China’s traditional dating system is different to Australia’s, according to University of WA architecture student Ruiyue Wu. The 25-year-old Shanghainese is in her eighth year of living abroad in Perth, Western Australia.

“It’s not about love, it’s more about two families,” Ruiyue Wu says.

More wedding photos at The Bund.
Photo: Emily Farquhar.

Traditionally, if a Shanghainese couple decides to get married, both families will arrange a meeting to discuss life after marriage and what each party can offer to the relationship.

Wu says often the couple will prepare in advance for this parental meeting because it’s not based on the couple’s love for each other but instead on the couple’s monetised future. If the male cannot provide a house or must move back to his home city to care for his family, this could be problematic for the young couple.

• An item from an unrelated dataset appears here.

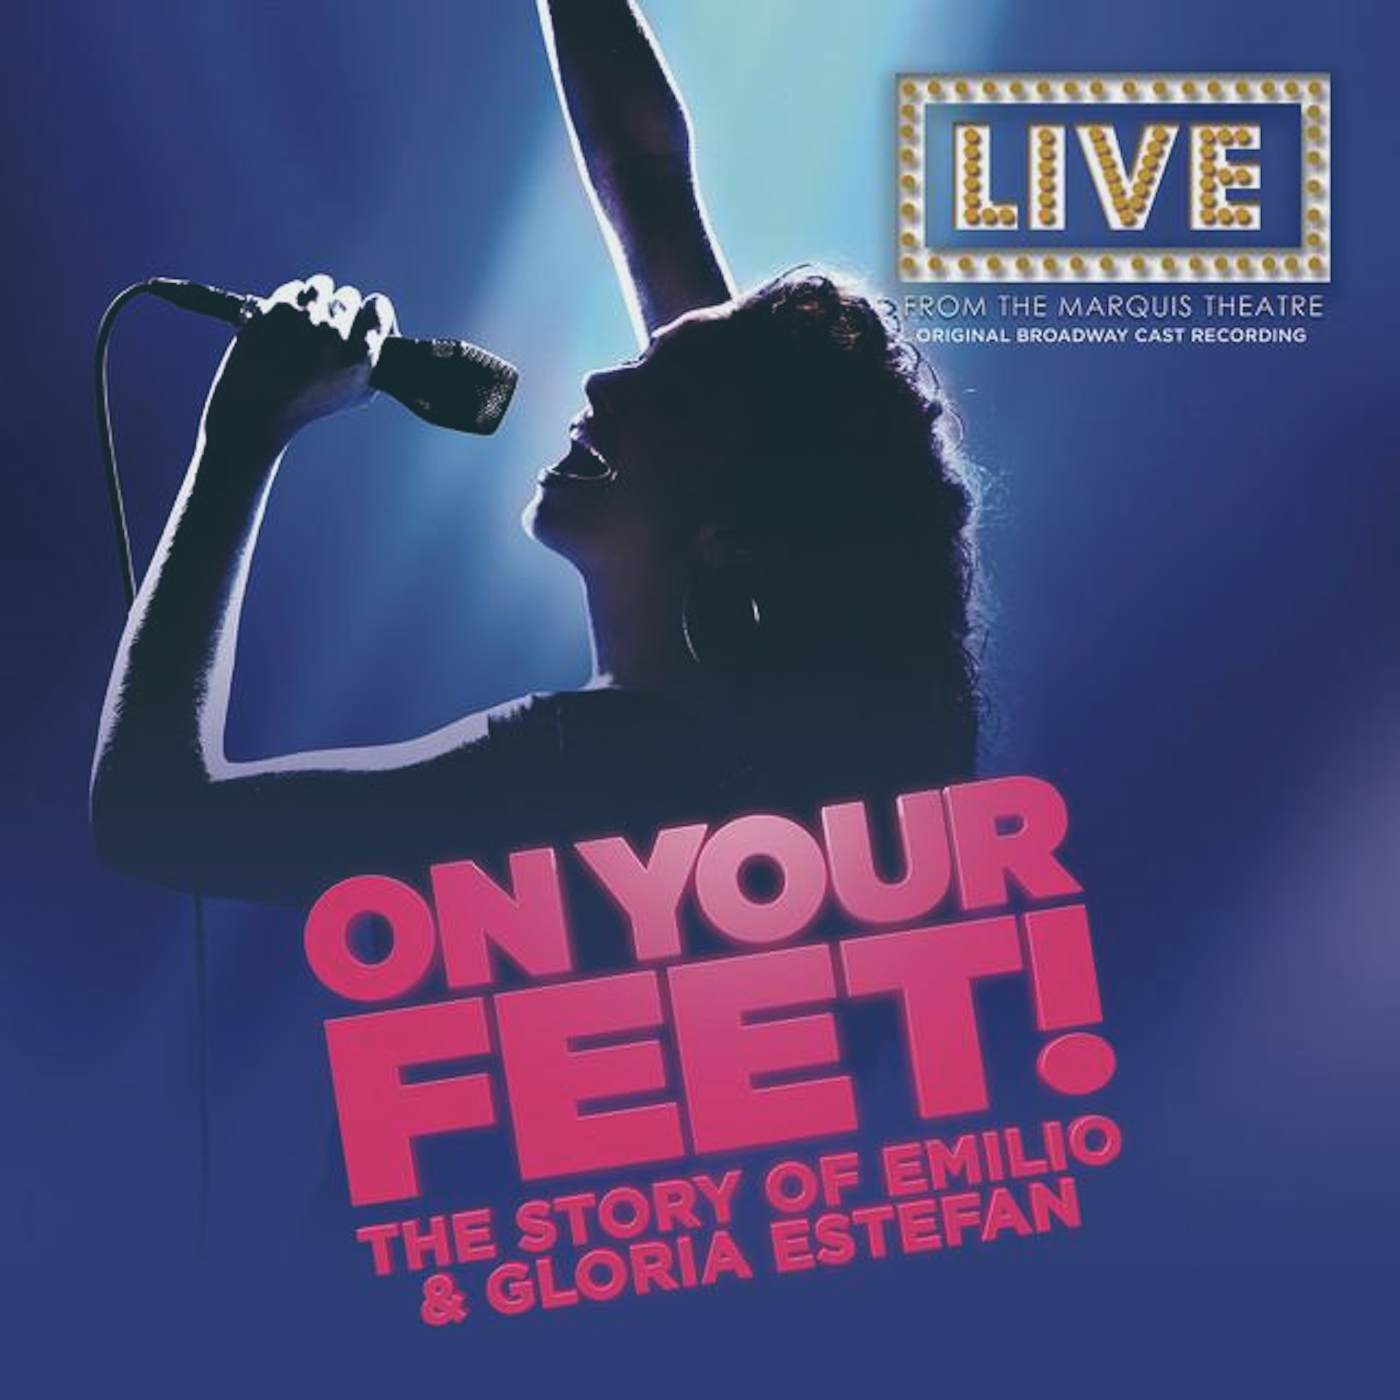 ON YOUR FEET: THE STORY OF EMILIO & GLORIA

Fudan University College of Foreign Languages and Literatures professor Jian Sun says historically dating was arranged by official matchmakers. The authorities would then oversee the process of dating. “And at that time of course, the sexual relationship was prohibited before marriage so it’s very difficult for the young lovers who fell into what we call the sea of love,” he says.

“If this happened.. the authorities would intervene.. and they would talk to you very seriously about the matter from the point of view of morality. Of course this kind of situation changed after China was opened up to the outside world because people got to know much about what was going on in the West.”

China has become much more open to Western ideas since in the late 1970s when Deng Xiaoping replaced Mao Zedong as the leader of the Communist party. Professor Hongyun Sun, who heads the Chinese language program at Boston University, says China has been changing rapidly in the past 20 years and as a result, many traditions are disintegrating but social pressures still are maintained.

“A lot of traditions are breaking, a lot of young couples accept, they move in together and get to know each other more before they get married. And the older generation tends to accept the kids are getting married late. But there are still some, I wouldn’t call it tradition, I would call it more like social pressure, like ‘you need to find a boyfriend before 25’ from the society and from your own parents,” she says.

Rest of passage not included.